Sementara buat mengantisipasi libur Agustusan, masih sekapur Martin Ginting, kemungkinan upacara 17 Agustus dilakukan secara daring. Begitu juga soal penundaan sidang, hendak diatur sebelumnya.

“Kita ketahui bersama, penyebaran covid sedang belum terkendali. Bahkan muncul cluster cluster baru.

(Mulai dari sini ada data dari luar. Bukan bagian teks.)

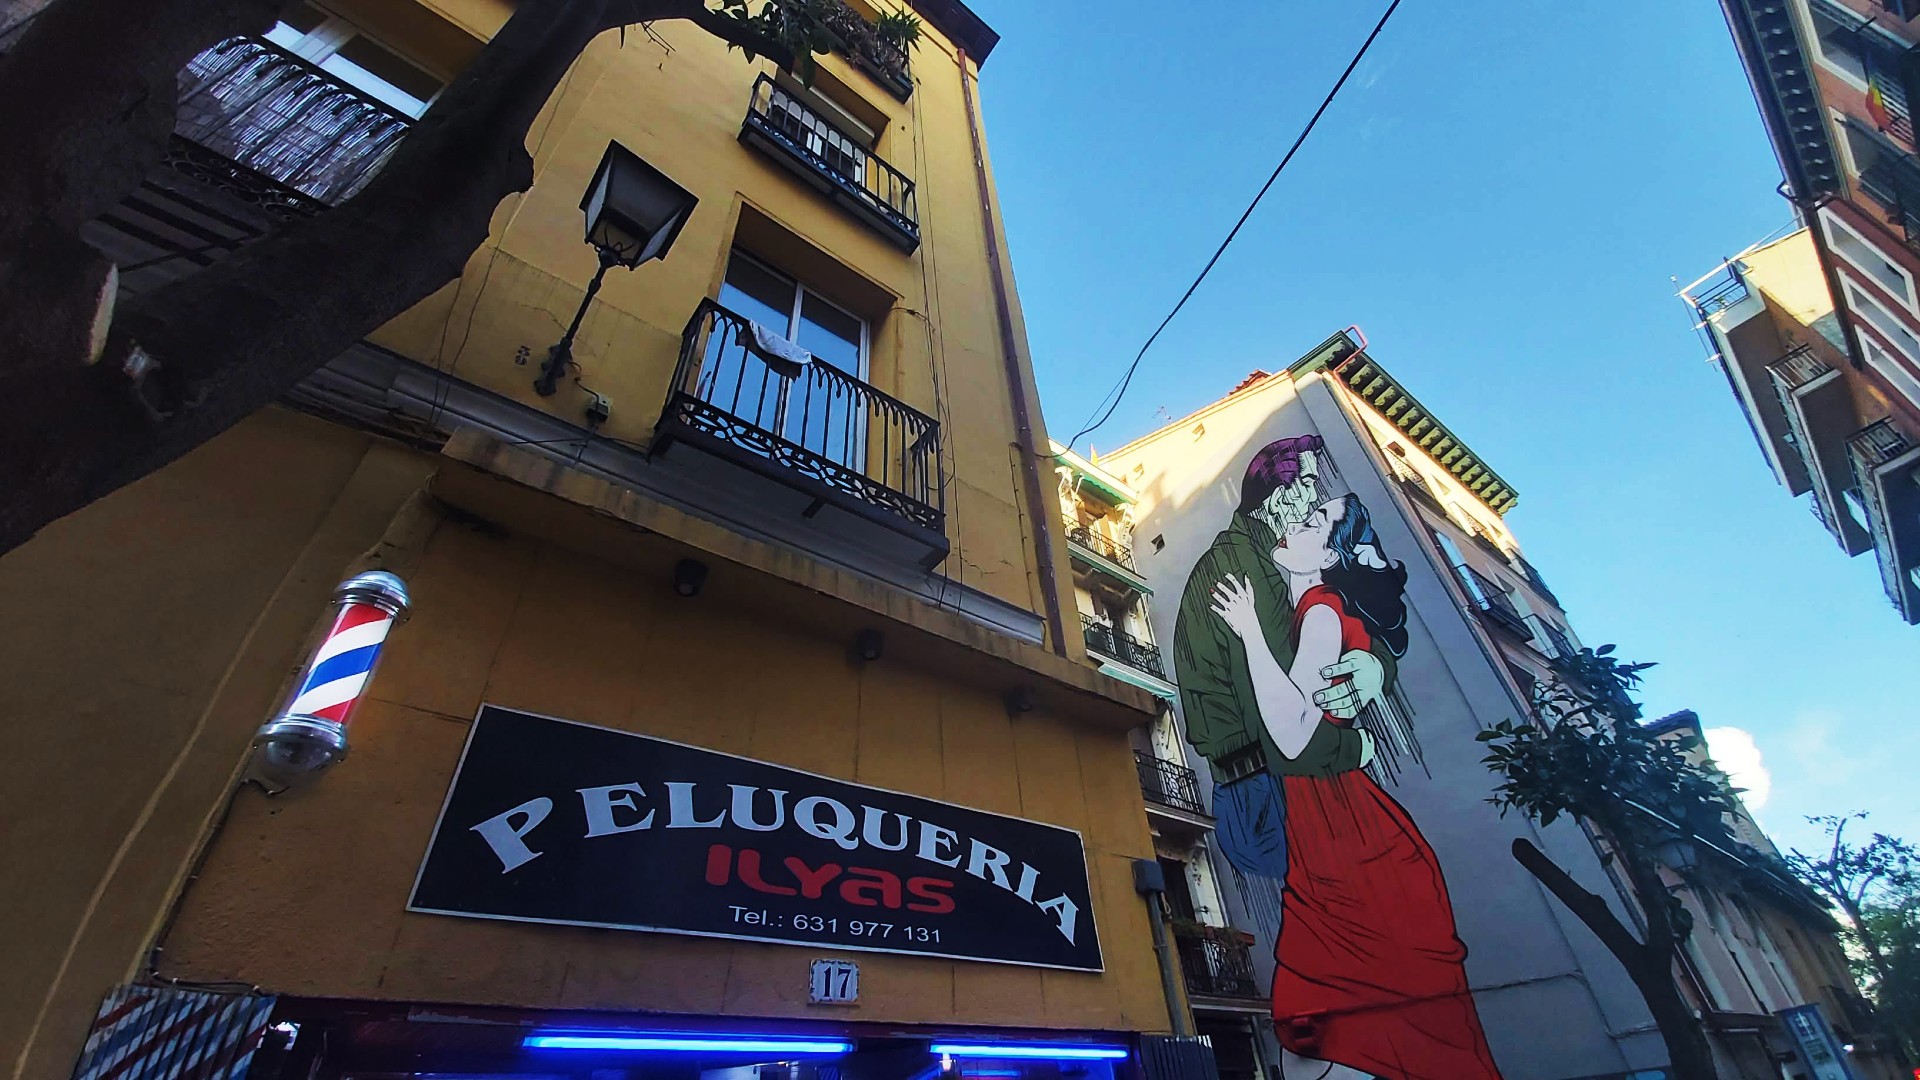 Sede del mercato delle pulci El Rastro e di Lavapiés, il Distrito de Embajadores è una zona hipster-friendly ricca di bar alternativi, caffè stravaganti e alcune delle migliori opere di street art di Madrid.

Di kantor dewan dan sebagainya, ” tegas Martin Ginting.

Padahal, lanjut dia, pihaknya sudah berupaya maksimal untuk memutus mata rantai penyaluran covid. Sudah disediakan tempat basuh tangan, handsanitizer, jaga jarak bagi pengunjung meski bermasker.

“Tapi kita bersyukur, security kita yang setiap hati bersentuhan dengan masyarakat pencari keadilan, saat rapid test tidak ada yang reaktif, ” pungkas Martin Ginting. [uci/ted]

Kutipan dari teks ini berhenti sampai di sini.